The idea that Mike Janicek and Bob Mansfield are the only guys willing to do the work for the incredibly low fees Apple will provide while all these manufacturing engineers turn up their noses beggars belief.
OK, but the article also gives multiple examples of having to hire back the same (American) worker after they left because nobody else could do it.

So either the market doesn't work at all and cannot exhibit enough demand to cause a supply to exist (perhaps the offered pay would need to be so high that the endeavor ceases to be profitable?), in which case throwing government regulation at the market to artificially restrict supply certainly won't help anything, or companies are able but unwilling to pay high enough wages, at which point we're proposing using government regulation to punish American businesses who don't work the way we want in the hope that they concede defeat, which hardly strikes me as a pro-American position - and more practically doesn't seem like a way to make American business more competitive.

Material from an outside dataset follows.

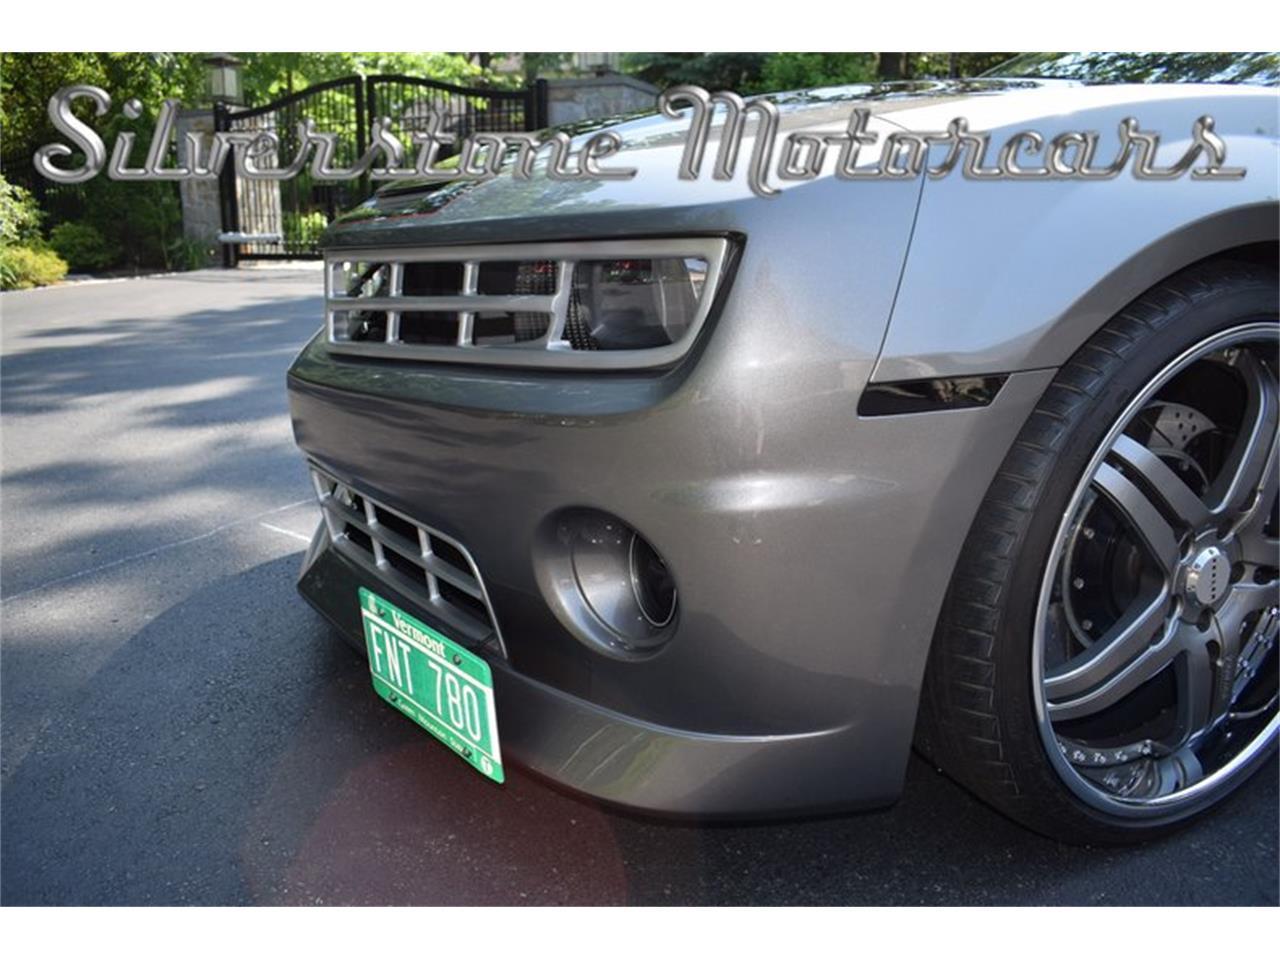 2010 Chevrolet Camaro (CC-1015813) for sale in North Andover, Massachusetts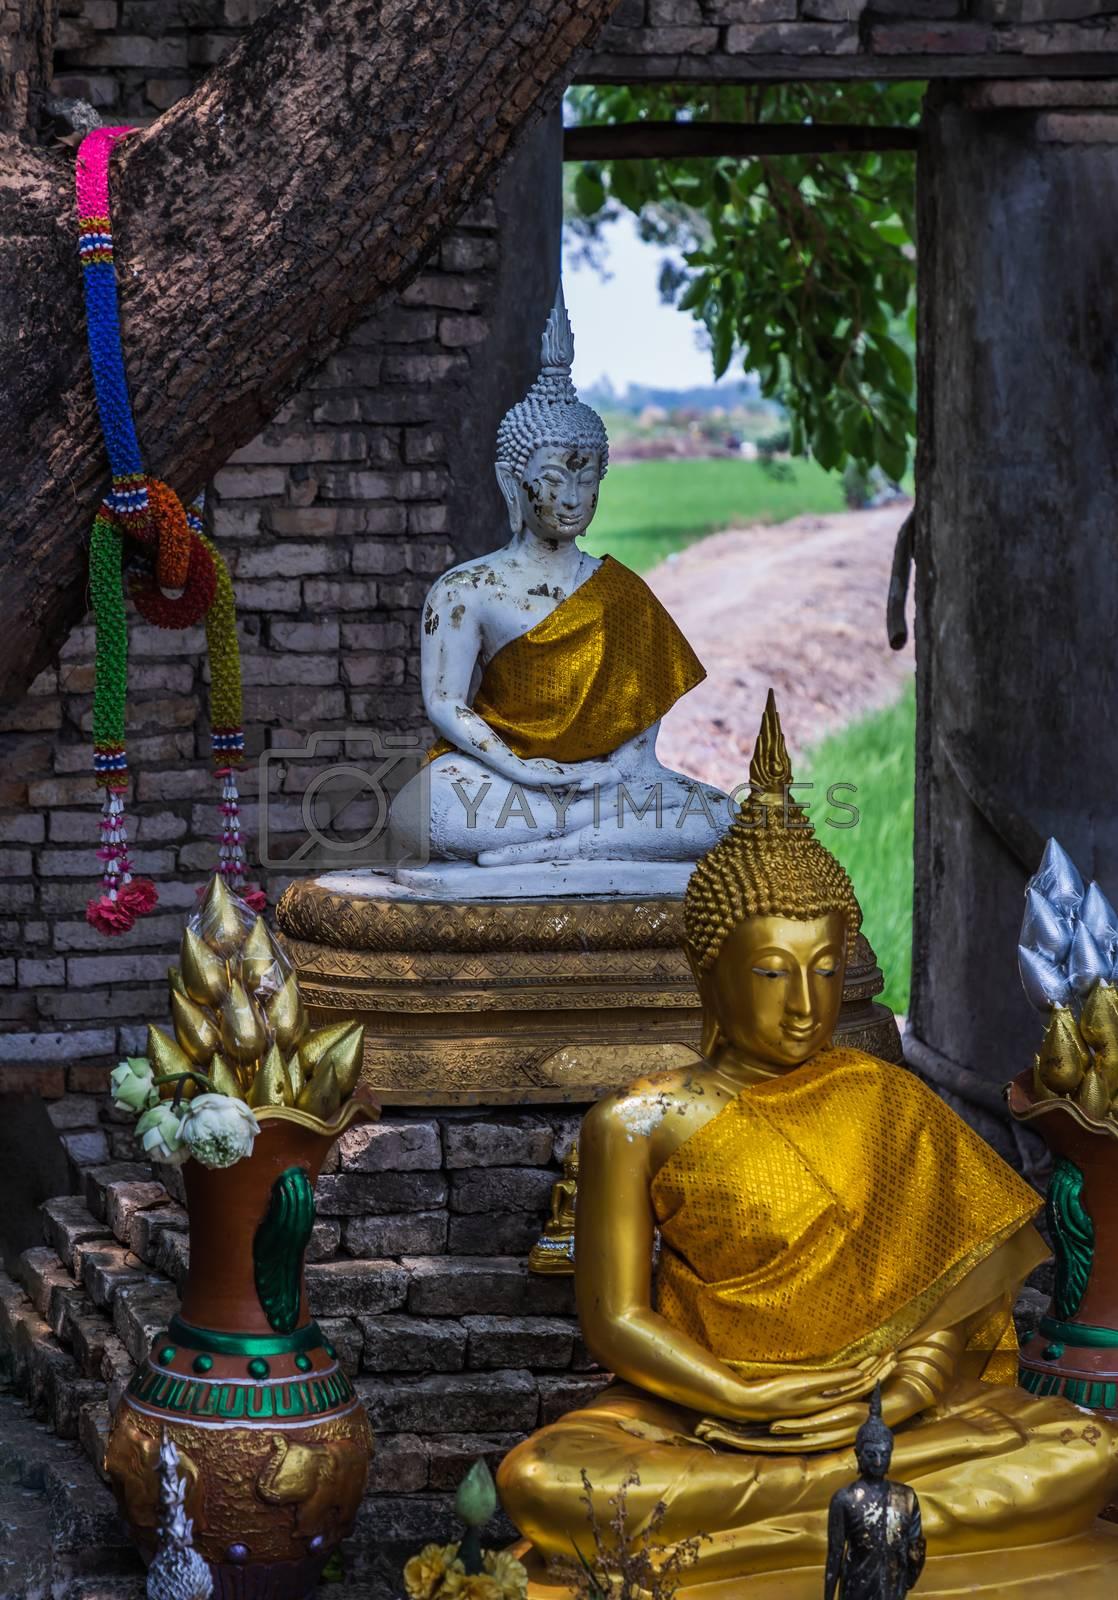 Nakhon Nayok, Thailand - Mar 21, 2020 : Buddha statue at The ancient of a 200 year old church. Wat Pah Krathum. Selective focus.

> So either the market doesn't work at all and cannot exhibit enough demand to cause a supply to exist (perhaps the offered pay would need to be so high that the endeavor ceases to be profitable?), in which case..

Perhaps not though, in which case we don't need to follow this line of thinking to the end of the world. The US isn't lacking in college students or workers, just ones willing to work in one of the hardest majors while being treated as a commodity that includes workers from developing countries.